Far like I don’t recognize me… and as soon as the pandemic was declared “over,” I feel like we accelerated headfirst into the worst of pre-COVID work culture, with surveillance, coercion, and conformity dressing up in the emperor’s finest clothes and calling themselves community-building. I am clutching with closed fists the boundaries I try to maintain between my full, real self and the one I must inhabit between the hours of 9 a.m. and 5 p.m., and in one instance from a few months back, I disappointed my self by making a petty comment about someone that I shouldn’t have, because whispered snark is often the conduit for channeling frustration at each other instead of towards someone more powerful with a heftier check.[3] I like my self the least on any given Monday until the sun sets, and then I am too tired to step back into the self whose fragments I left at home.
Lately, I’ve been finding it very difficult to reconcile the pressure to act “normal” as if even one of the million and counting lives that have been lost to COVID did not mean anything, as if people are not repressing and denying themselves round the clock for jobs that do not keep the cupboards full nor allow [what shouldn’t be] the leisure of pursuing pleasure or finding rest just for the sake of it, as if every single office and committee and system is not currently designed to ensure that the aforementioned tragedies keep happening so that the [at times, rarely] benevolent and wealthy few can have an embarrassment of abundant resources to spend and enjoy as they wish. I will save the rest for my journal, and as my friend Ami says, “If I [talk] about a job, it’s hypothetical or I’m lying.”
But, I’m still upright [mostly, as frequent gym-going seems to have given me runner’s knee that I should be resting more] and seeking sweetness and pleasure wherever I can, and have recently signed up for piano lessons so I can maybe go back to the skill 15-year-old me had for being able to listen to songs and play the tune to my self, maybe relearn all my lost music vocabulary and knowledge so I can explain more clearly what exactly I like about particular sounds, maybe creating even more windows that open based on my own desires and ability to make them materialize, maybe having more frequent encounters of the black femme sublime.

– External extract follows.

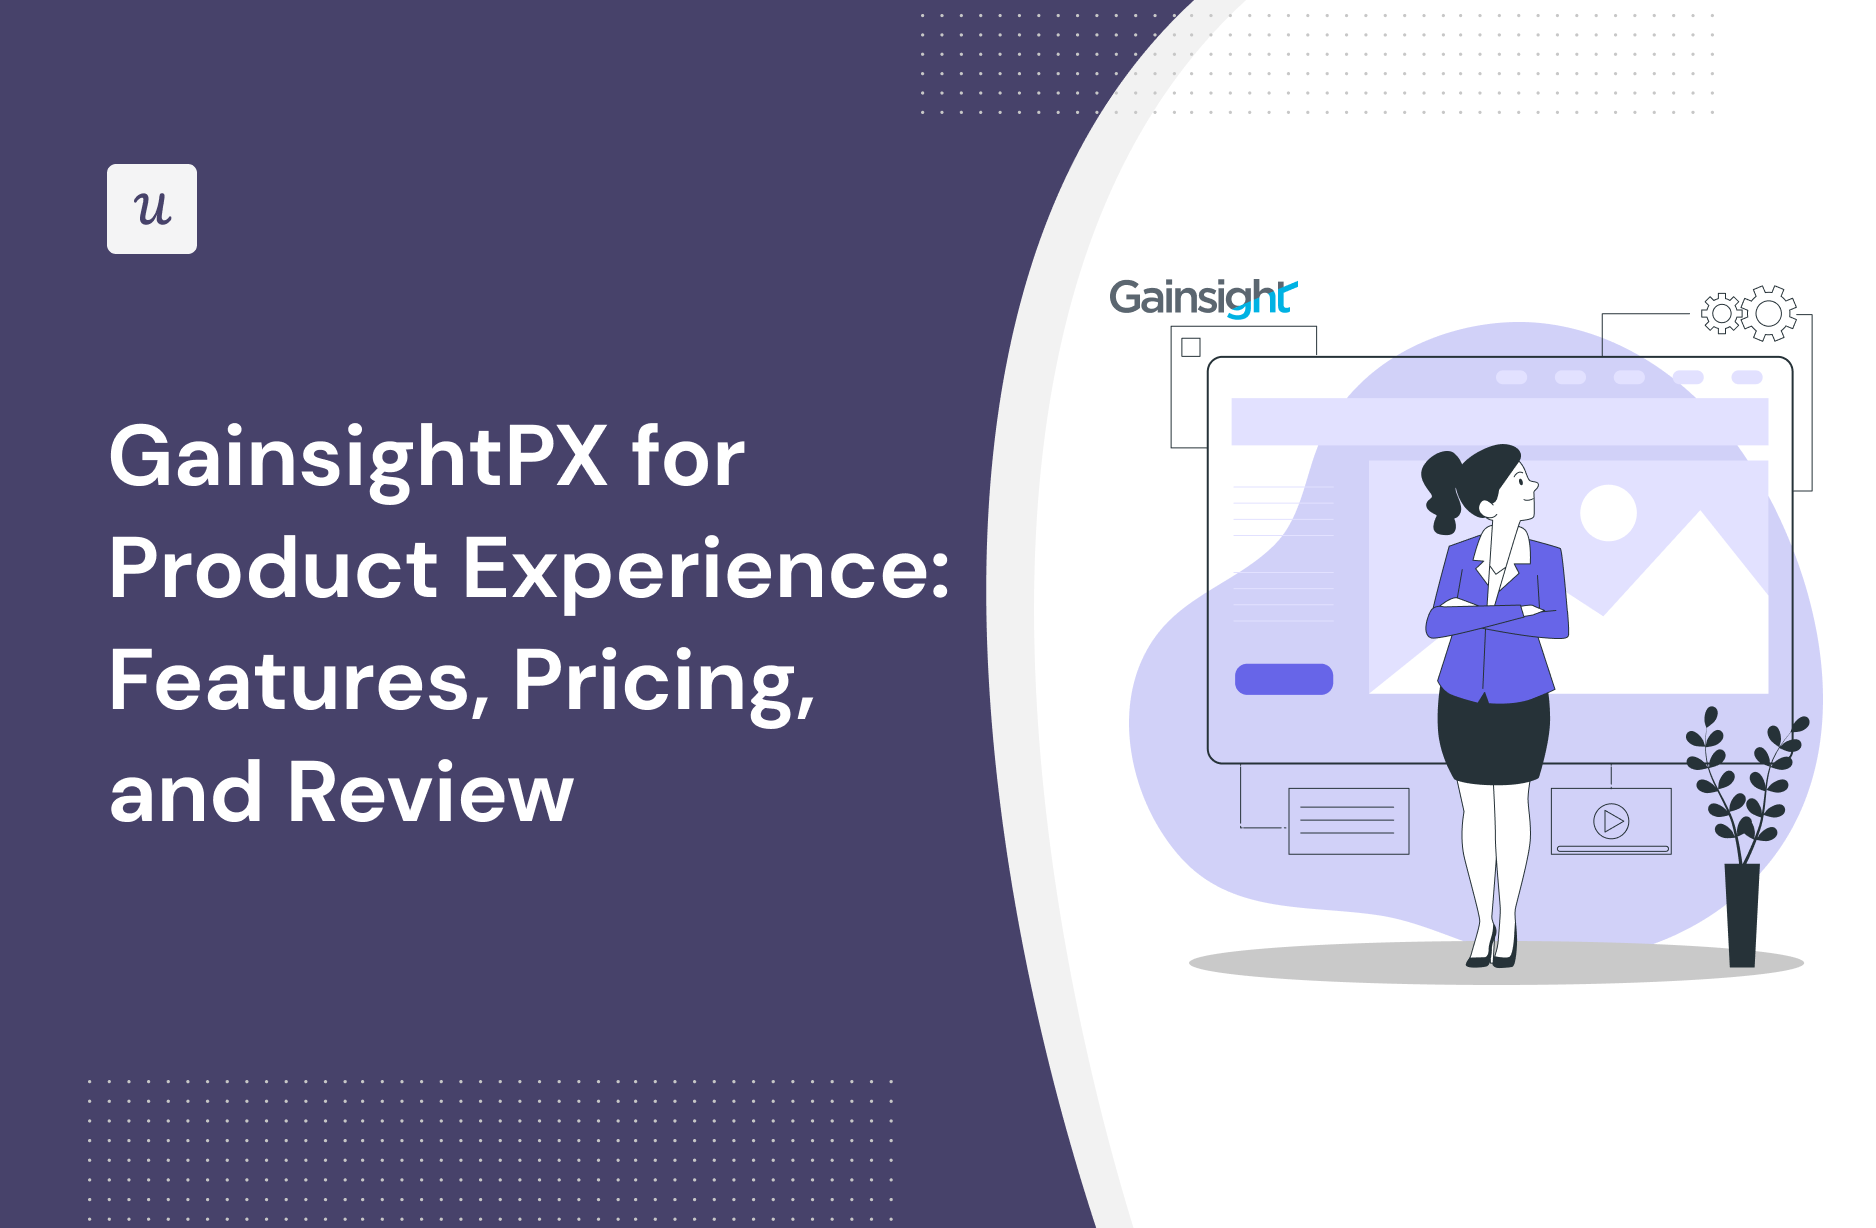 GainsightPX for Product Experience: Features, Pricing, and Review

[1] A door or a path into that garden of my mind would be more like full pieces of work I watch/read/listen to in order to access that place, whereas memories of brief instances like this are windows because I can see that feeling place through them even if they don’t necessarily carry me there in full.
[2] If “Kill Bill” had been released in 2016, you would have been sick of me posting side-by-side lyrics and gifs from the video with Rihanna’s “Needed Me” alongside yet another post about how angry I was at the time. Good for me [and you, and him] that I am no longer in that place.
[3] My guilty conscience is most over-active and most punitive when I feel smallest, and I have been caught in endless loops of self-questioning, “Why would I say that? That person has been nice to me before and I’m therefore a terrible person for thinking or saying uncharitable things about them.” At some point I need to tell my inner voice to calm down and find some real trouble to get into if these are the things keeping her/us up at night.